Print the whole listing below exactly as given, pictures excluded.

-- Collected data follows --

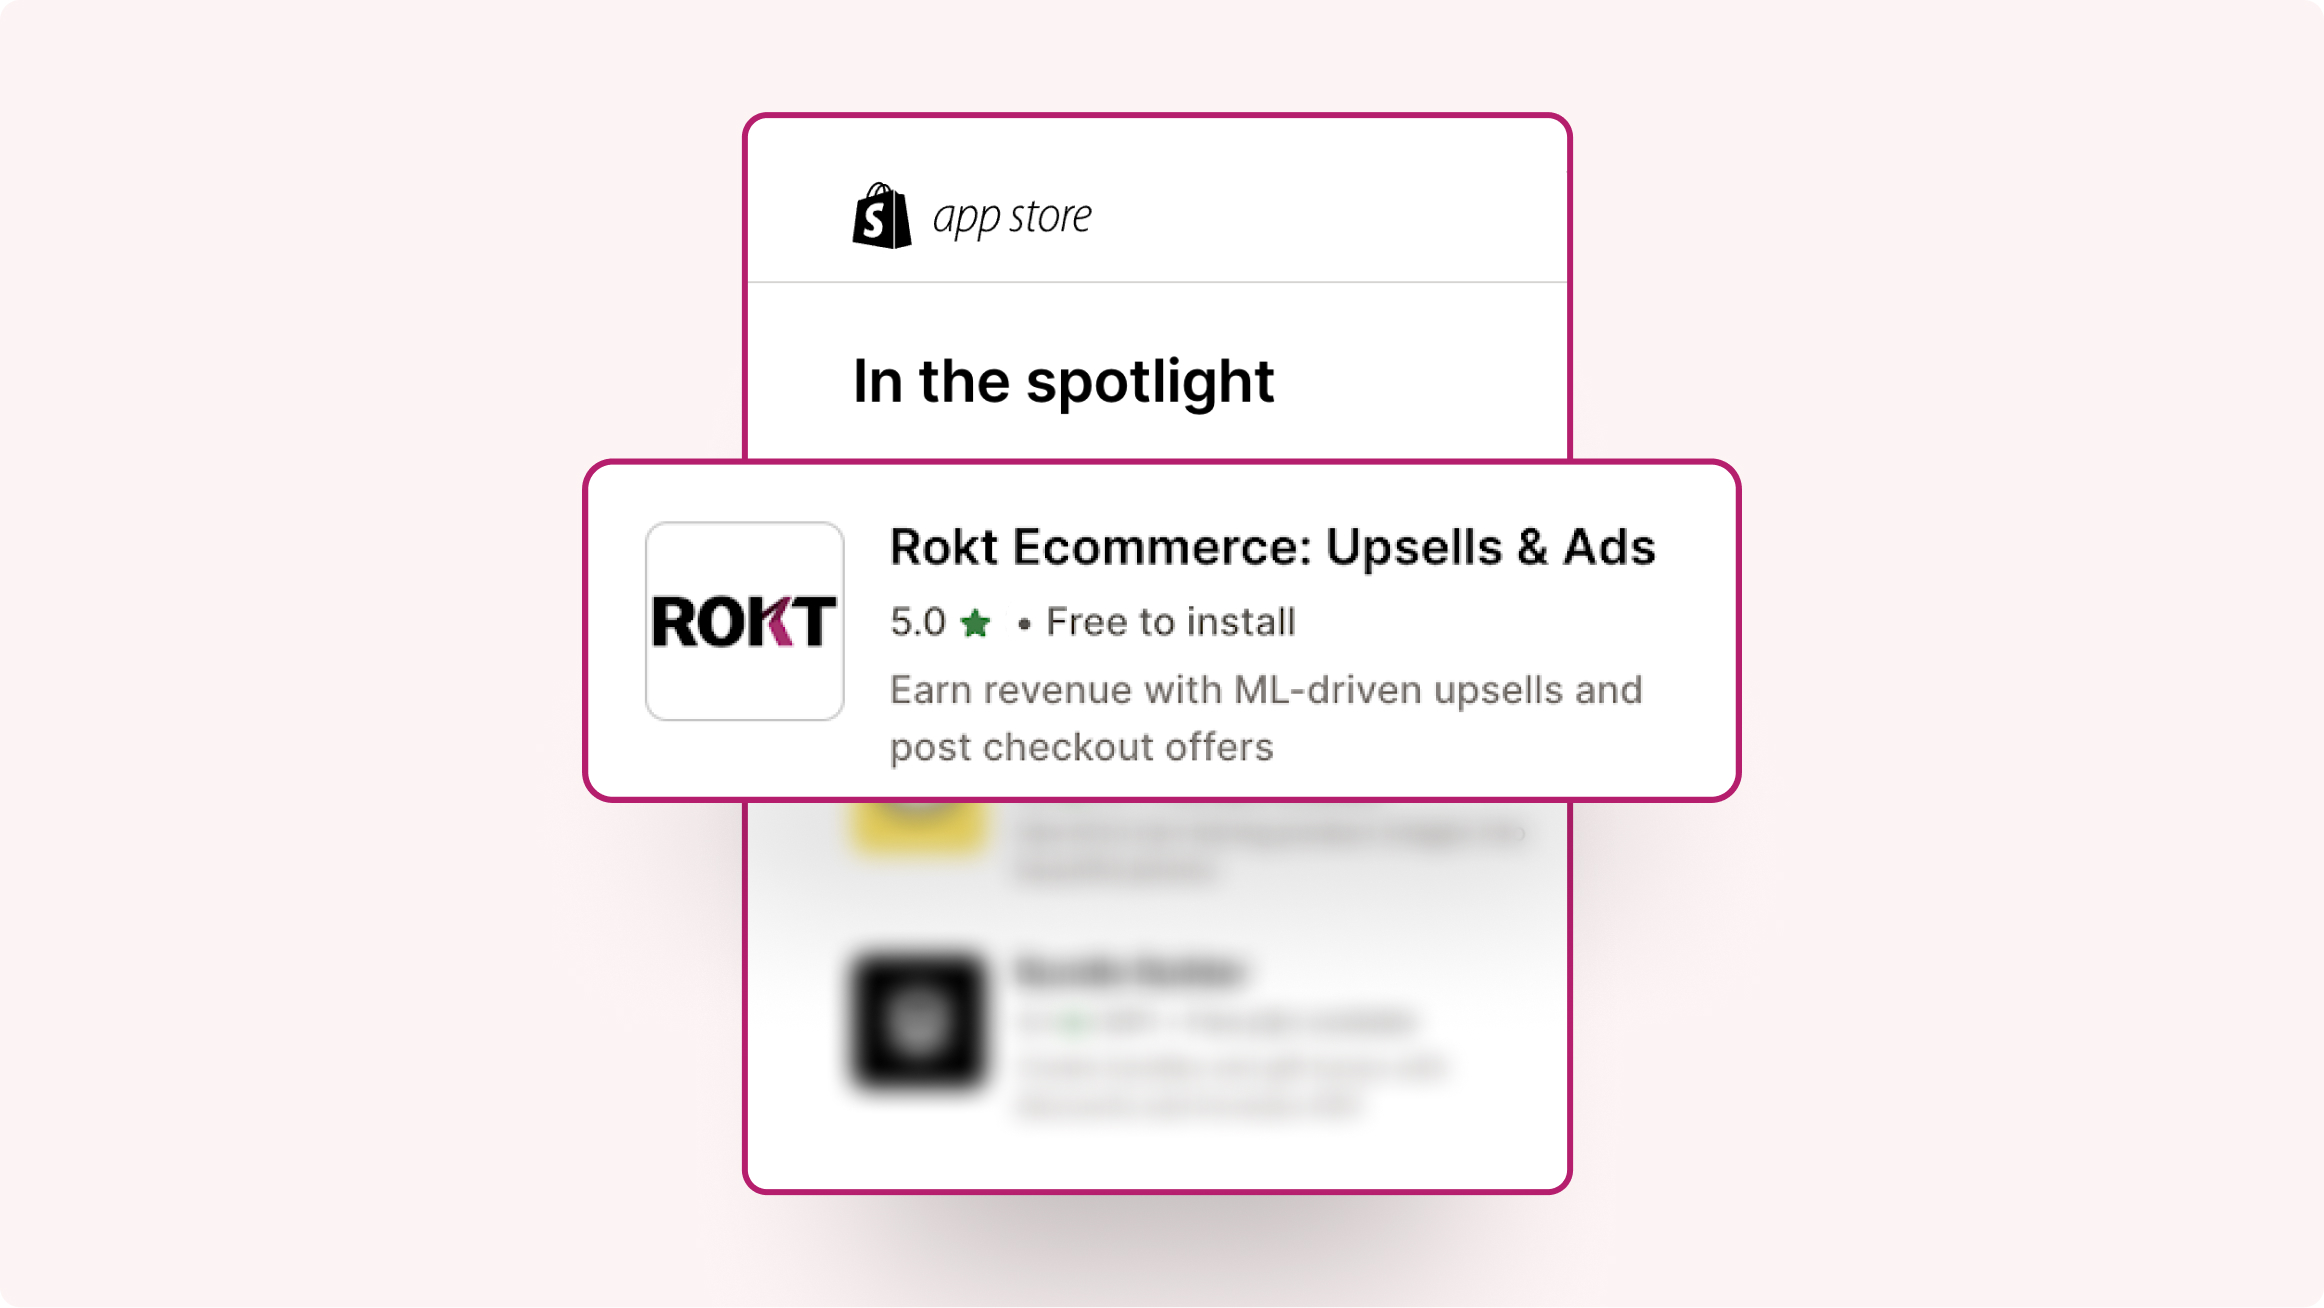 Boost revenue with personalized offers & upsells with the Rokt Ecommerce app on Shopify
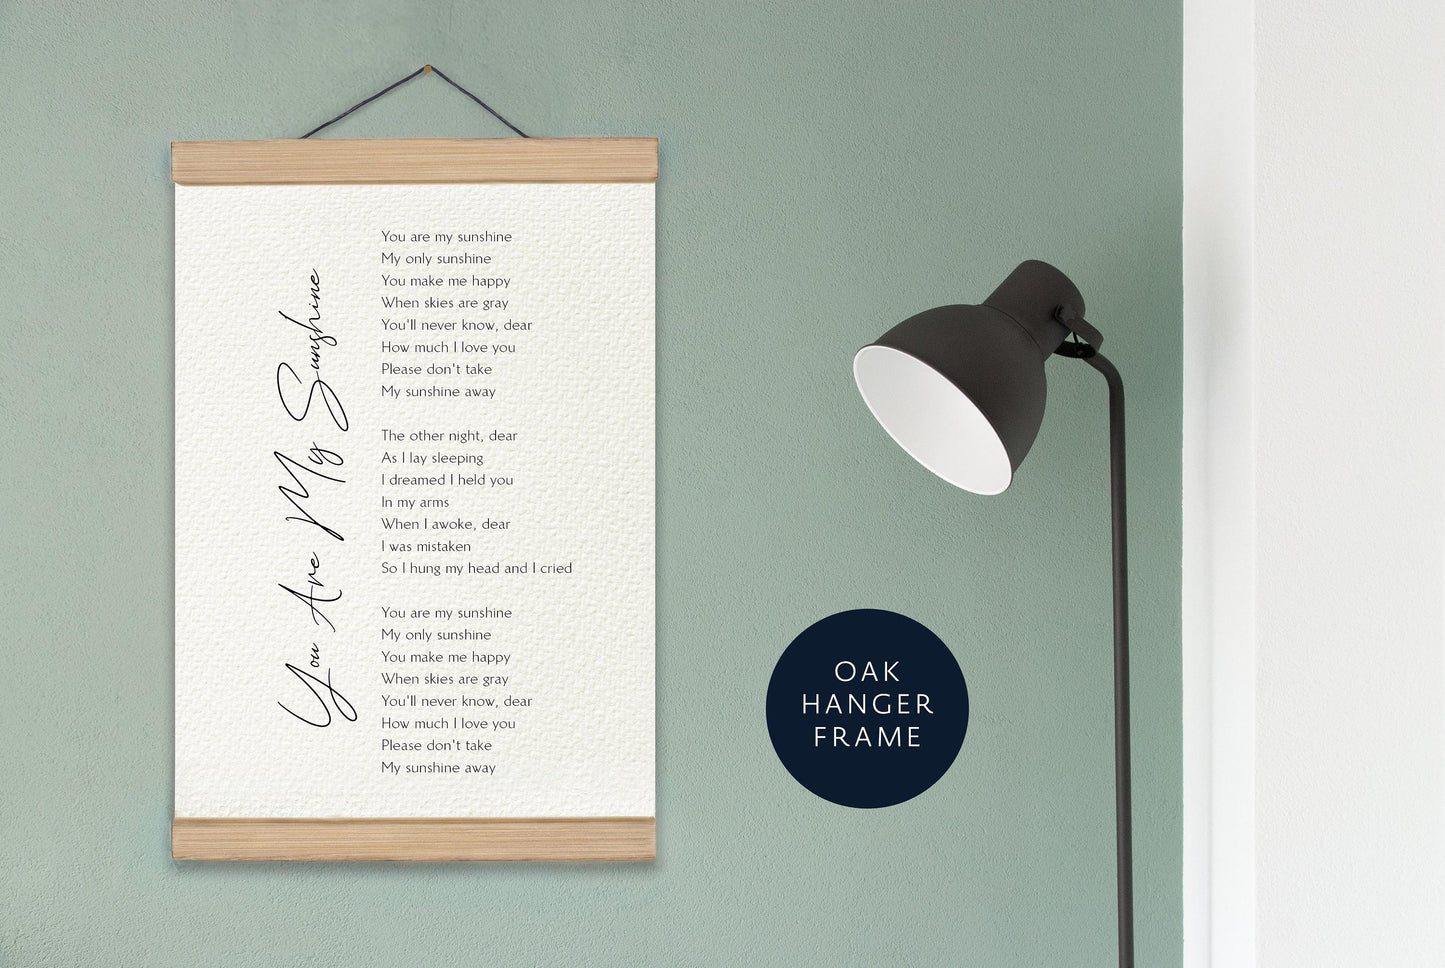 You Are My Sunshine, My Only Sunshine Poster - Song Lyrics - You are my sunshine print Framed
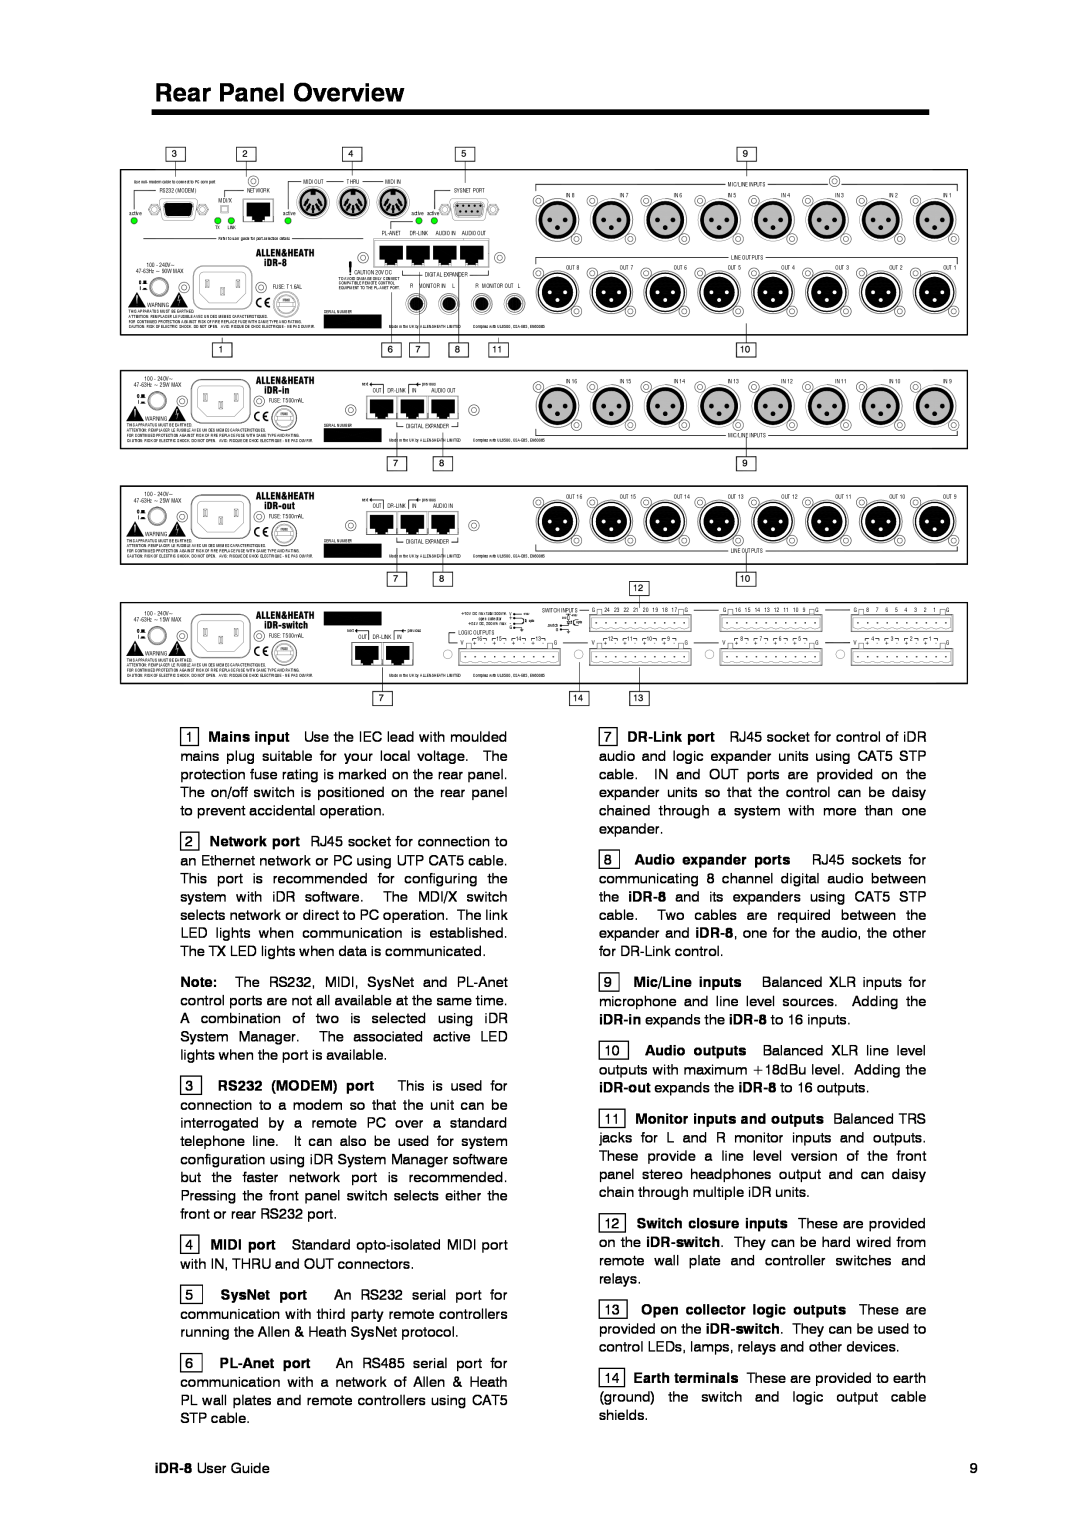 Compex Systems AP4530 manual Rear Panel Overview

-- Collected data concluded --

## Answer for the task
 Boost revenue with personalized offers & upsells with the Rokt Ecommerce app on Shopify
 You Are My Sunshine, My Only Sunshine Poster - Song Lyrics - You are my sunshine print Framed
 Compex Systems AP4530 manual Rear Panel Overview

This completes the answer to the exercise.